Source material:
☆ ☆ ☆ ☆ ☆ ☆ ☆
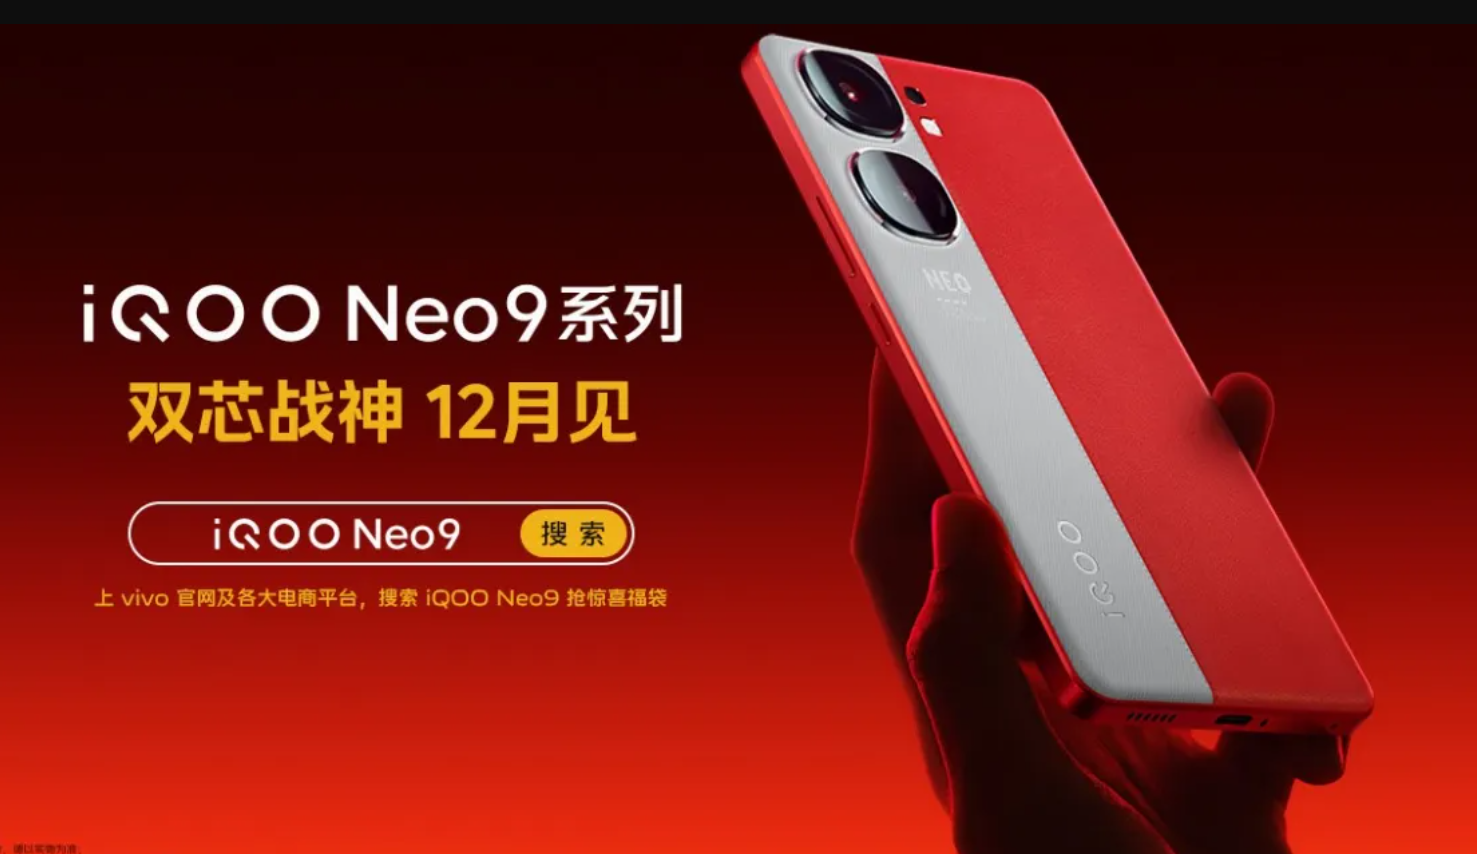 iQOO Neo 9: Expected Specs
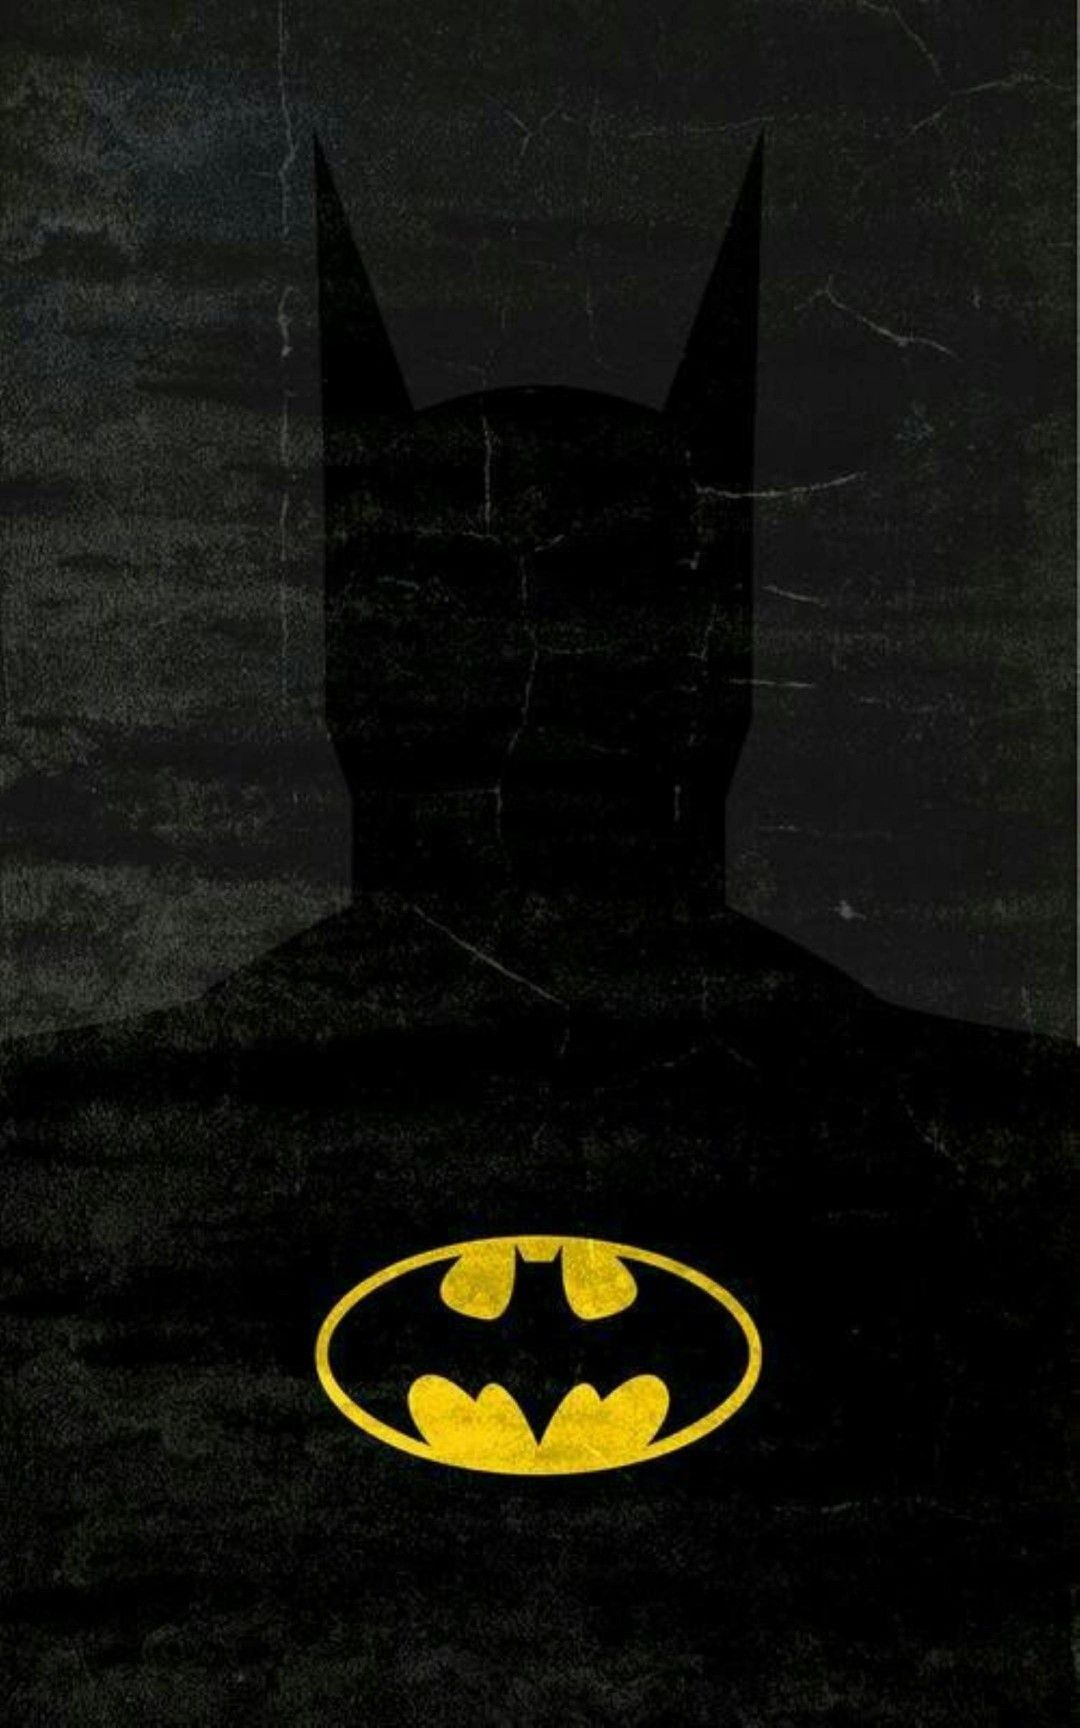 Batman wallpaper. Batman wallpaper
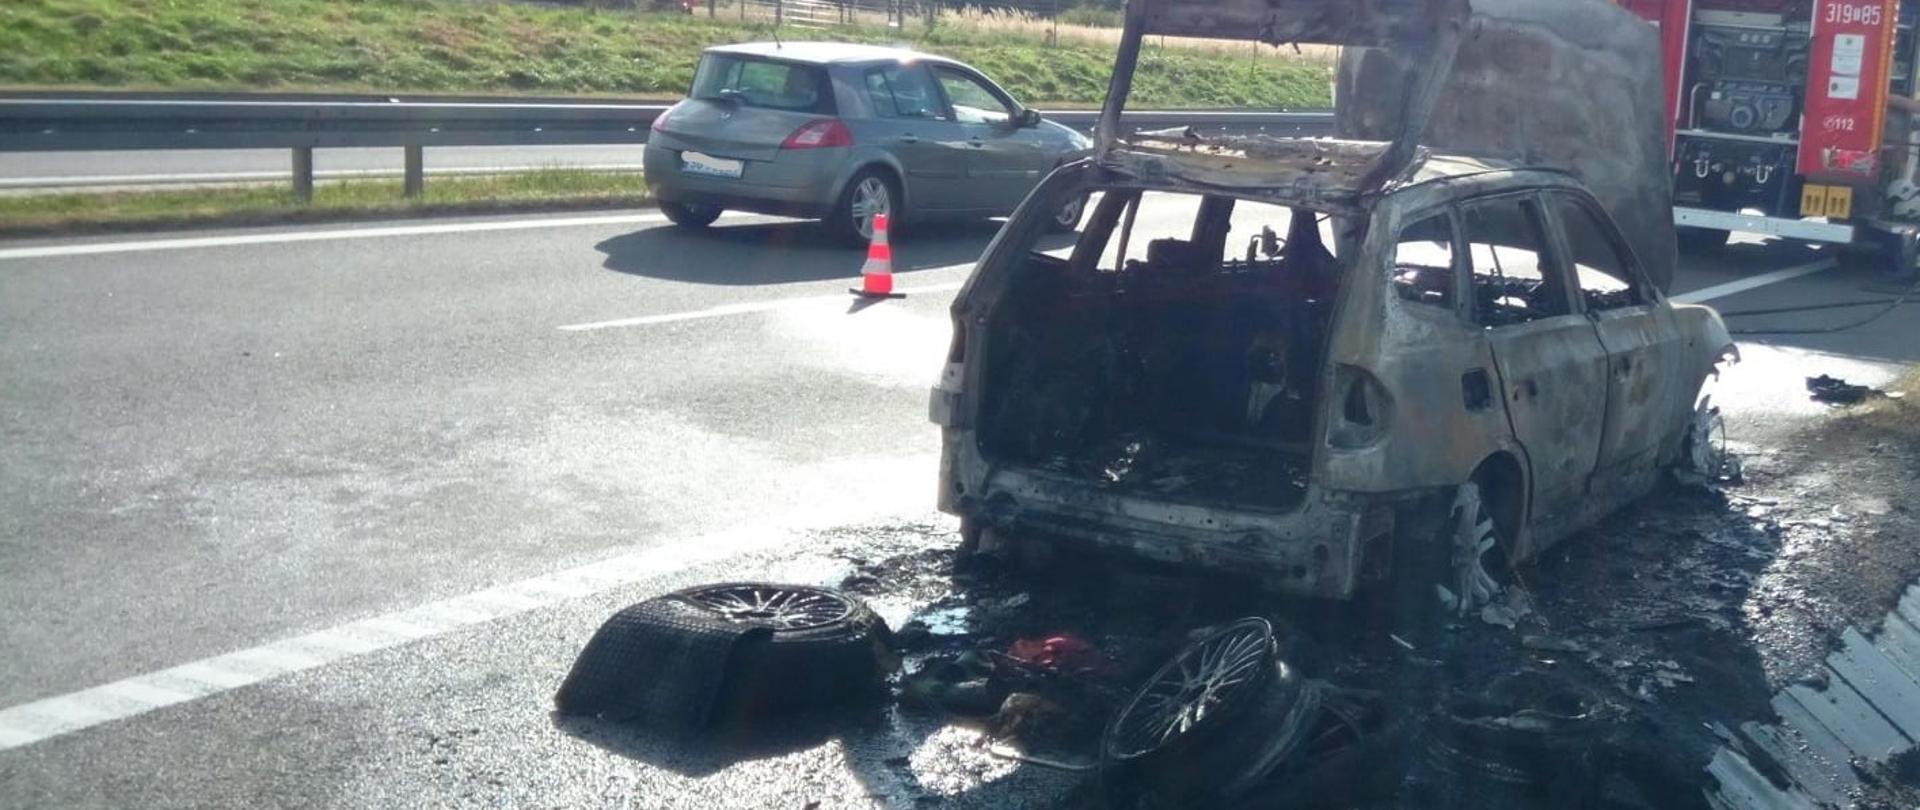 Na zdjęciu, po prawej stronie stoi spalony samochód osobowy, a przed nim samochód pożarniczy. Sąsiednim pasem jedzie przypadkowe auto.
☆ ☆ ☆ ☆ ☆ ☆ ☆
Activity:
Restate the lines above exactly, from the one bearing "Batman wallpaper. Batman wallpaper" through the final line of the material, both included, omitting pictures.

Finished task:
 Batman wallpaper. Batman wallpaper
 Na zdjęciu, po prawej stronie stoi spalony samochód osobowy, a przed nim samochód pożarniczy. Sąsiednim pasem jedzie przypadkowe auto.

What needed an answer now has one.